===== SUPPLIED INFORMATION

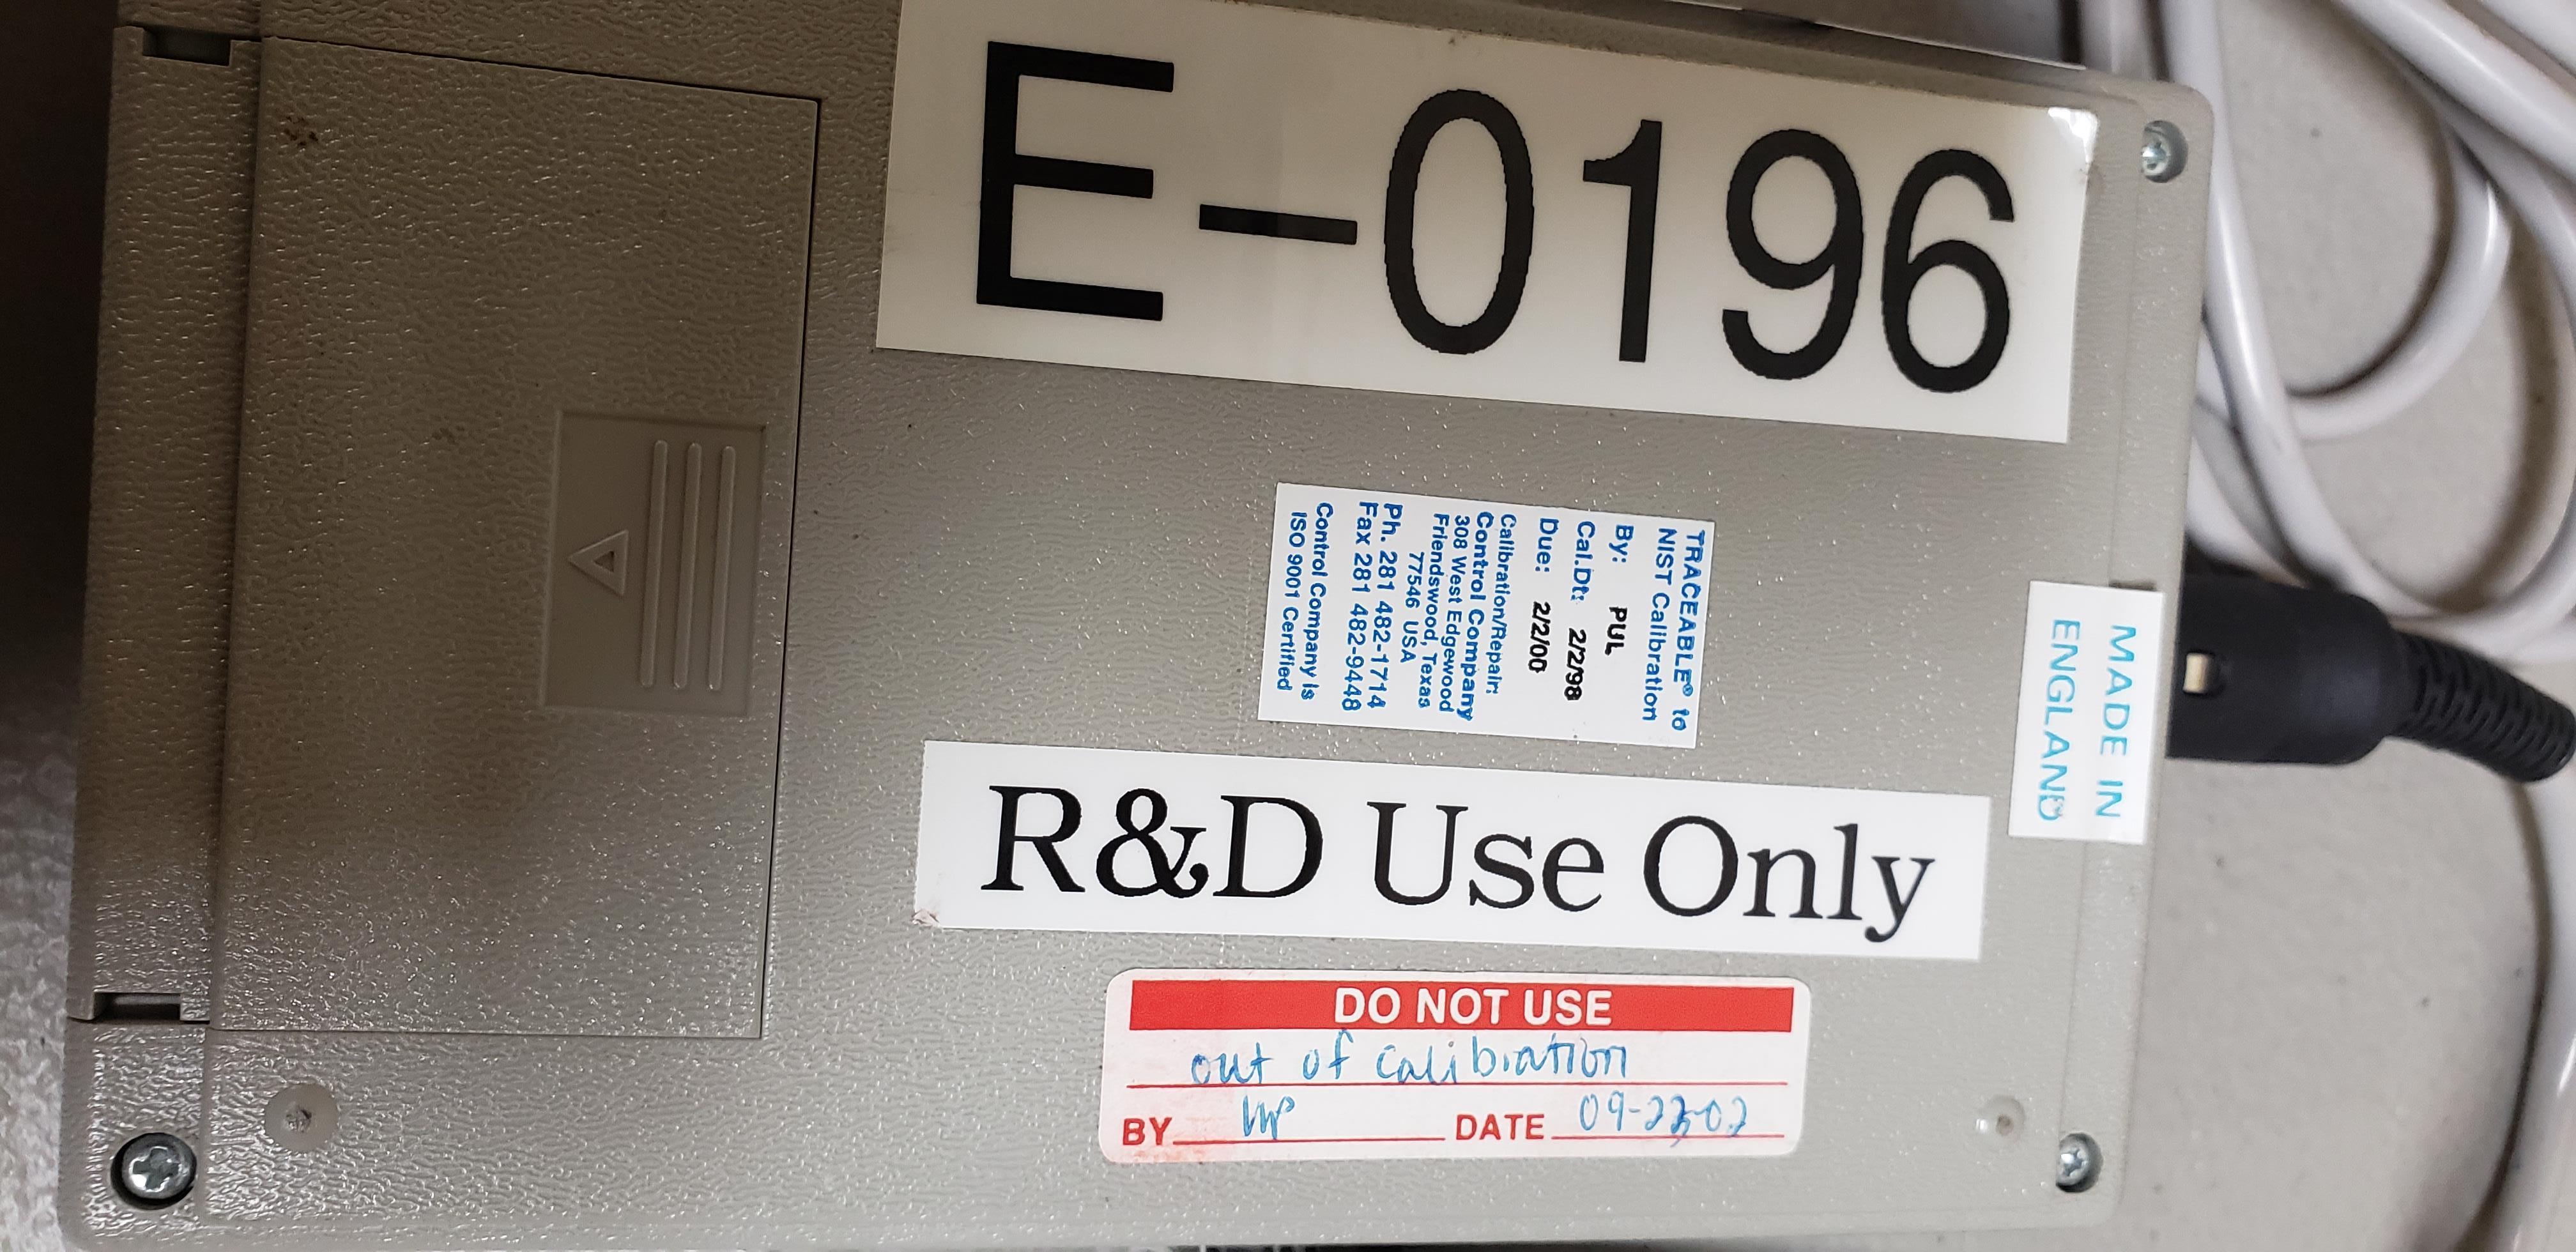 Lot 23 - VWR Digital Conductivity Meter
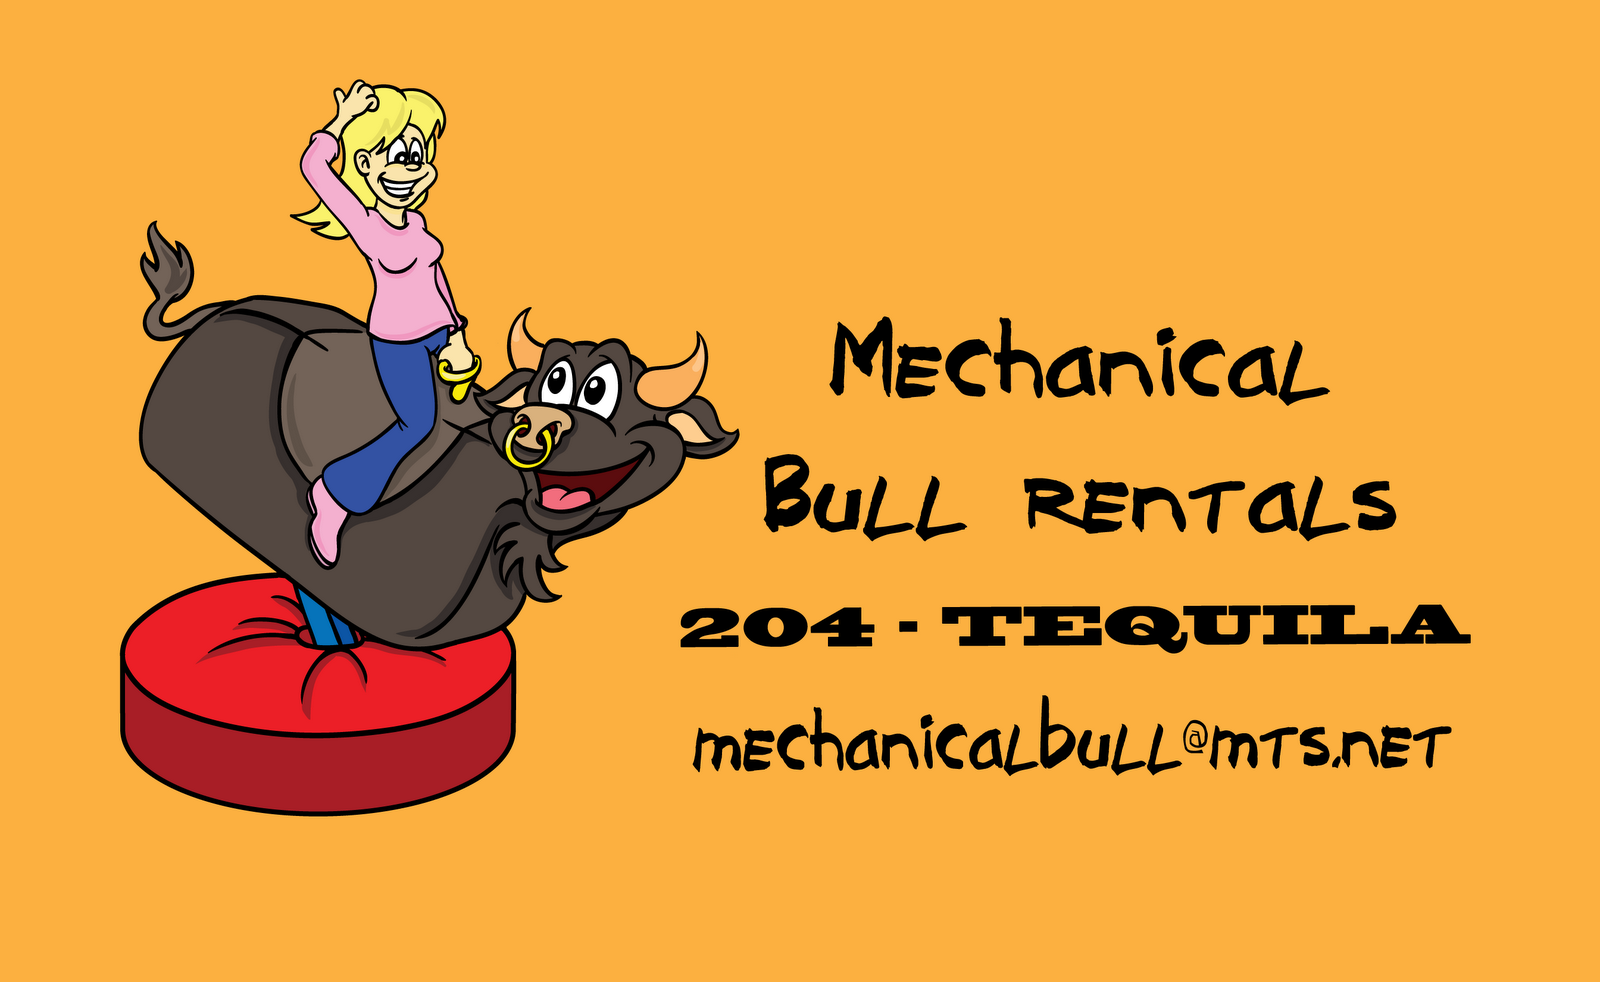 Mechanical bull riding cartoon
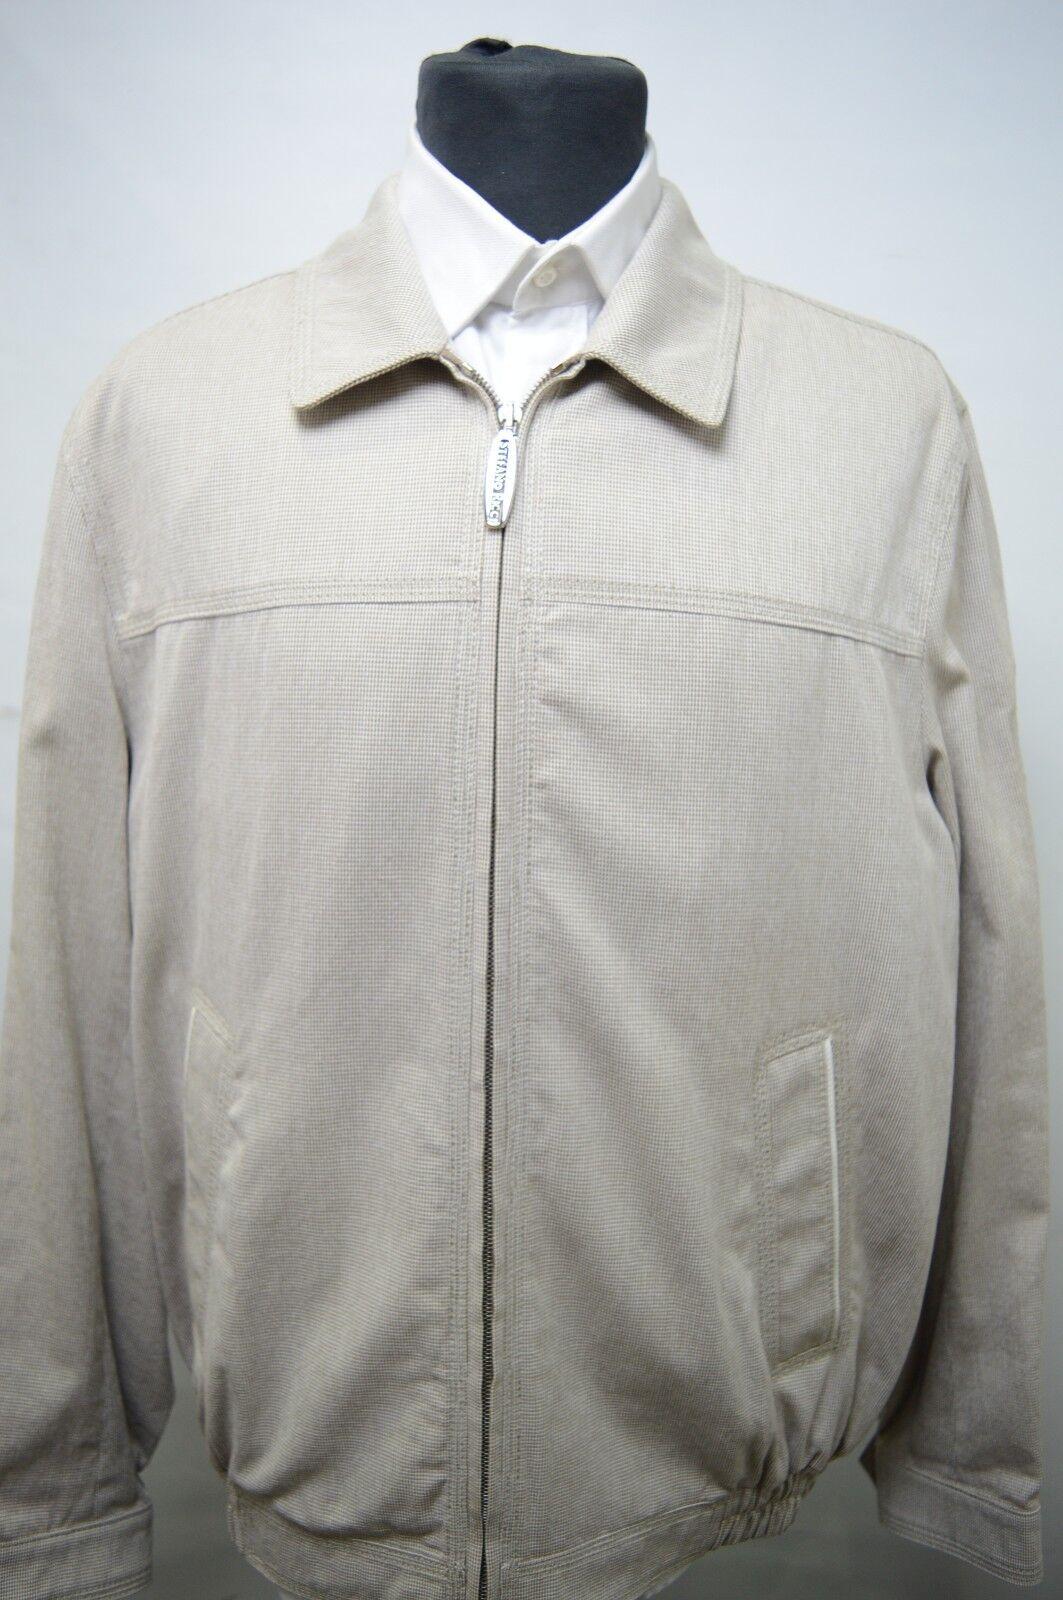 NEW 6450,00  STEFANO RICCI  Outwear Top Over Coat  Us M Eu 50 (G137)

==========

→ REQUIREMENT: Word for word, reproduce each line from the one with "Mechanical bull riding cartoon" through the last line of the material above, both included, and drop the pictures.

→ OUTPUT FOR THIS TASK:
 Mechanical bull riding cartoon
 NEW 6450,00  STEFANO RICCI  Outwear Top Over Coat  Us M Eu 50 (G137)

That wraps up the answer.